Notes - Trigonometric Identities

Angle Sum and Difference

Sine cross and same sign, cosine cross and opposite sign.

• sin(a+b)=sin(a)*cos(b)+cos(a)*sin(b)

• sin(a-b)=sin(a)*cos(b)-cos(a)*sin(b)

• cos(a+b)=cos(a)*cos(b)-sin(a)*sin(b)

• cos(a-b)=cos(a)*cos(b)+sin(a)*sin(b)

• tan(a+b)=(tan(a)+tan(b))/(1-tan(a)*tan(b))

• tan(a-b)=(tan(a)-tan(b))/(1+tan(a)*tan(b))

Product to Sum

Multiplying the same function results in cosine, with sine setting everything to negative. Multiplying different functions results in sine, with positive sign unless cosine is first.

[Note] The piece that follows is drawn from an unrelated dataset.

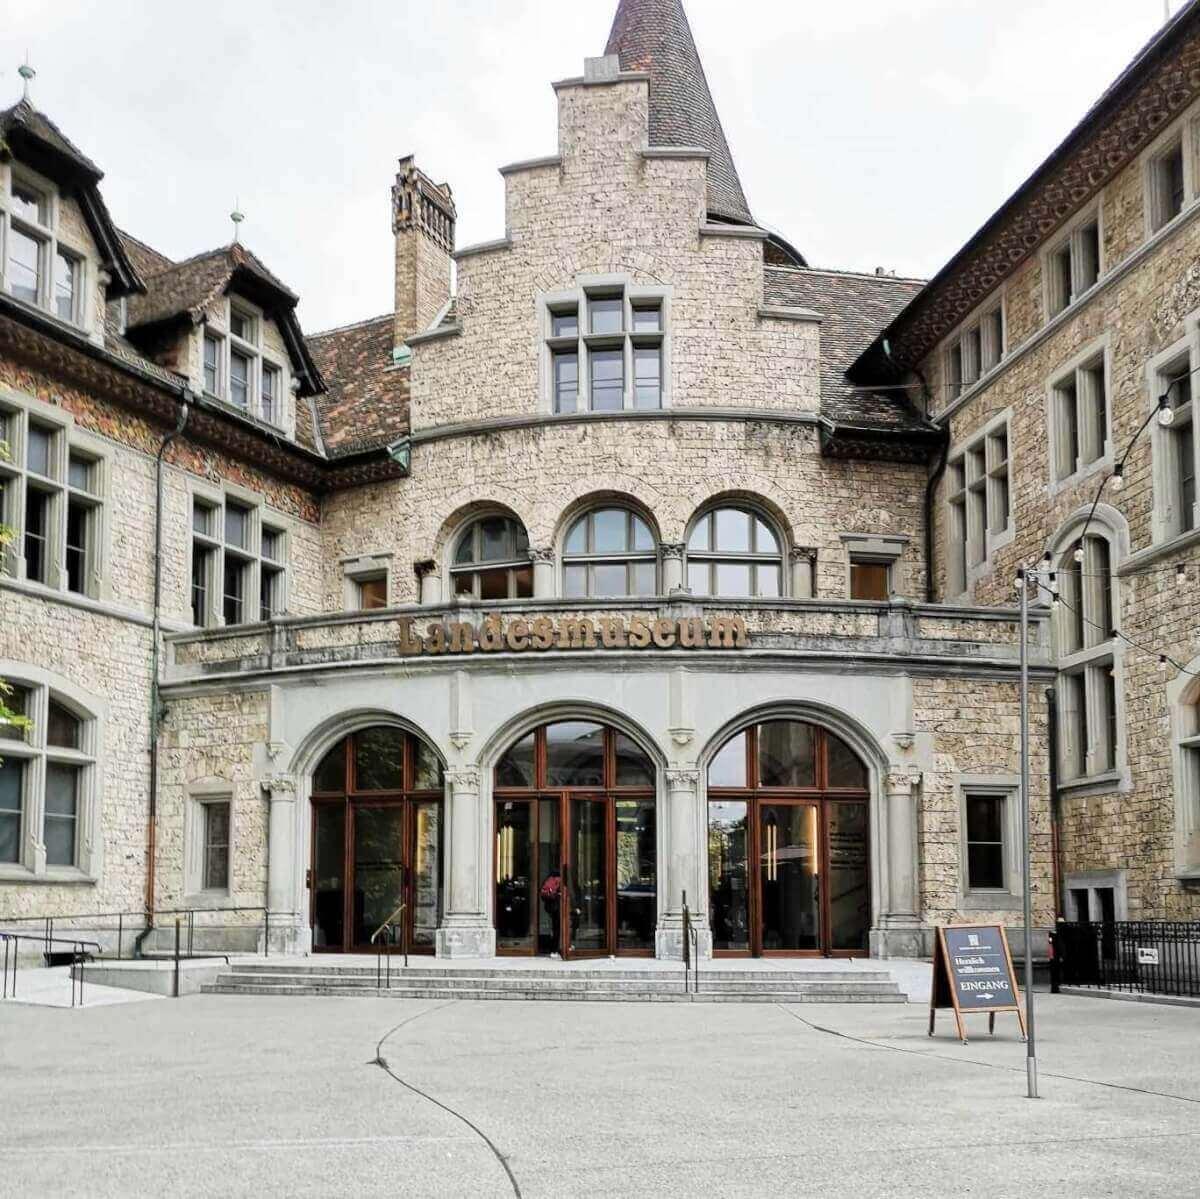 Landesmuseum Zurich's national museum

• sin(a)*sin(b)=-1/2*[cos(a+b)-cos(a-b)]

• cos(a)*cos(b)=1/2*[cos(a+b)+cos(a-b)]

• sin(a)*cos(b)=1/2*[sin(a+b)+sin(a-b)]

• cos(a)*sin(b)=1/2*[sin(a+b)-sin(a-b)]

Sum to Product

Sine is crossing, while adding cosine is similar. Whatever that means. First function first.

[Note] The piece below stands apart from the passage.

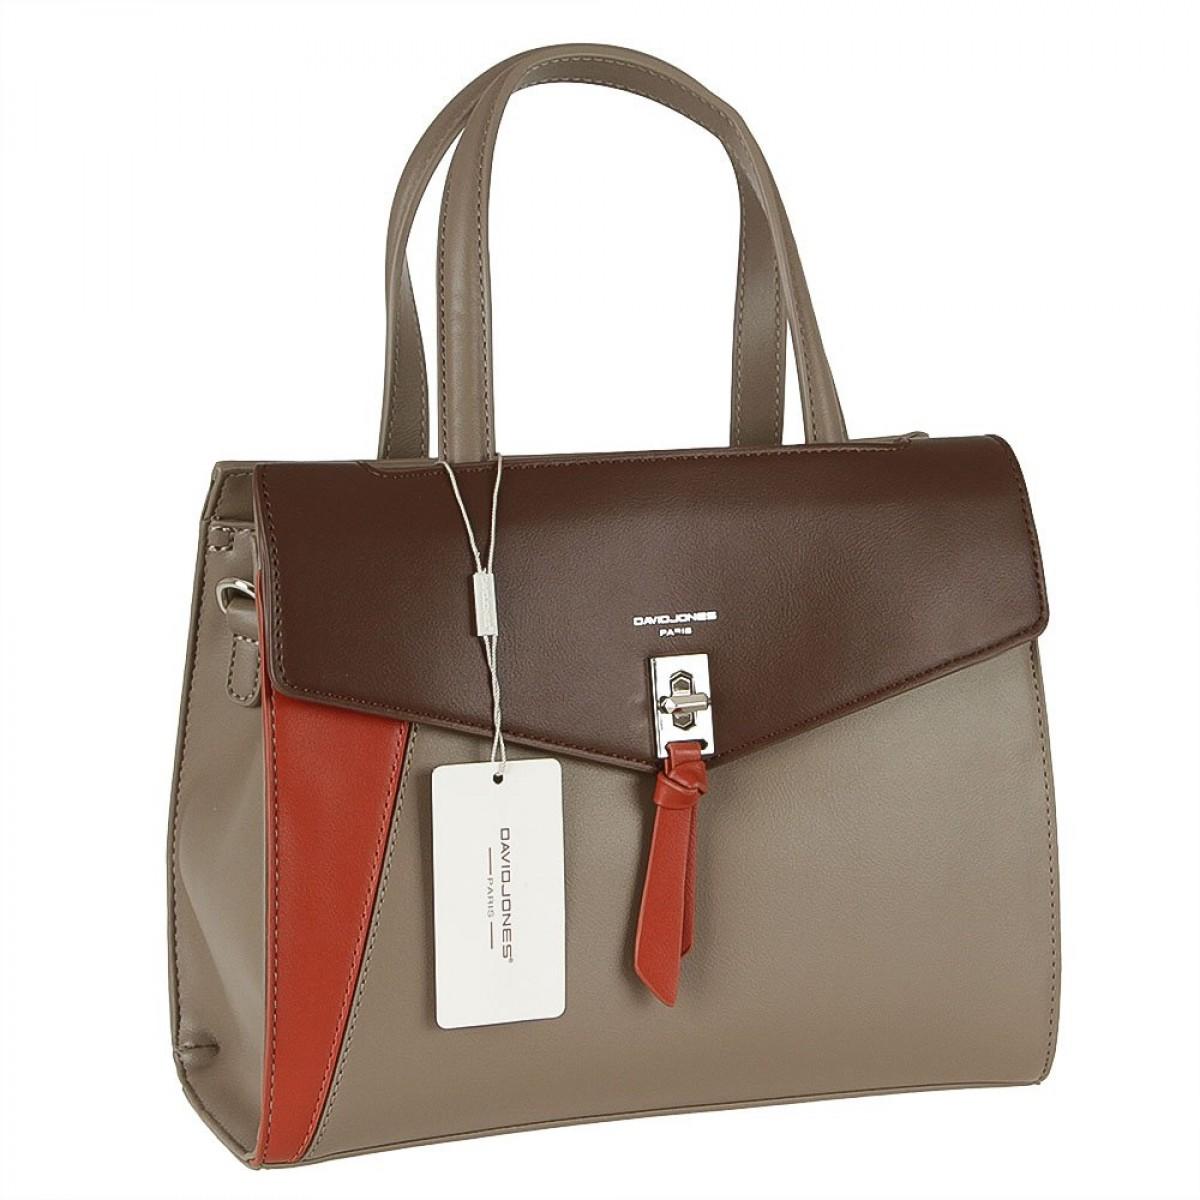 Жіноча сумка David Jones 6410-2 TAUPE

• sin(a)+sin(b)=2*sin((a+b)/2)*cos((a-b)/2)

• sin(a)-sin(b)=2*cos((a+b)/2)*sin((a-b)/2)

• cos(a)+cos(b)=2*cos((a+b)/2)*cos((a-b)/2)

• cos(a)-cos(b)=-2*sin((a+b)/2)*sin((a-b)/2)

Double Angle

• sin(2*a)=2*sin(a)*cos(a)

• cos(2*a)=(cos^2)(a)-(sin^2)(a)

• cos(2*a)=2*(cos^2)(a)-1

• cos(2*a)=1-2*(sin^2)(a)

• cos(2*a)=(1-(tan^2)(a))/(1+(tan^2)(a))

• tan(2*a)=(2*tan(a))/(1-(tan^2)(a))

Half Angle

(sin^2)(x/2)=(1-cos(x))/2

(cos^2)(x/2)=(1+cos(x))/2

(tan^2)(x/2)=(1-cos(x))/(1+cos(x))

Limits Approaching 0

Generally, sin(x)=x for small x. However, automatically substituting that is often counterintuitive, so we use these identities to avoid that.

(lim_x→0)(sin(a*x)/(b*x))=(lim_x→0)((a*x)/sin(b*x))=a/b

(lim_x→0)(tan(a*x)/(b*x))=(lim_x→0)((a*x)/tan(b*x))=a/b

(lim_x→0)(sin(a*x)/tan(b*x))=(lim_x→0)(tan(a*x)/sin(b*x))=a/b

Harmonic Addition

a*cos(x)+b*sin(x)=k*cos(x-α)

a*cos(x)+b*sin(x)=k*sin(x+β)

k=√(,a2+b2)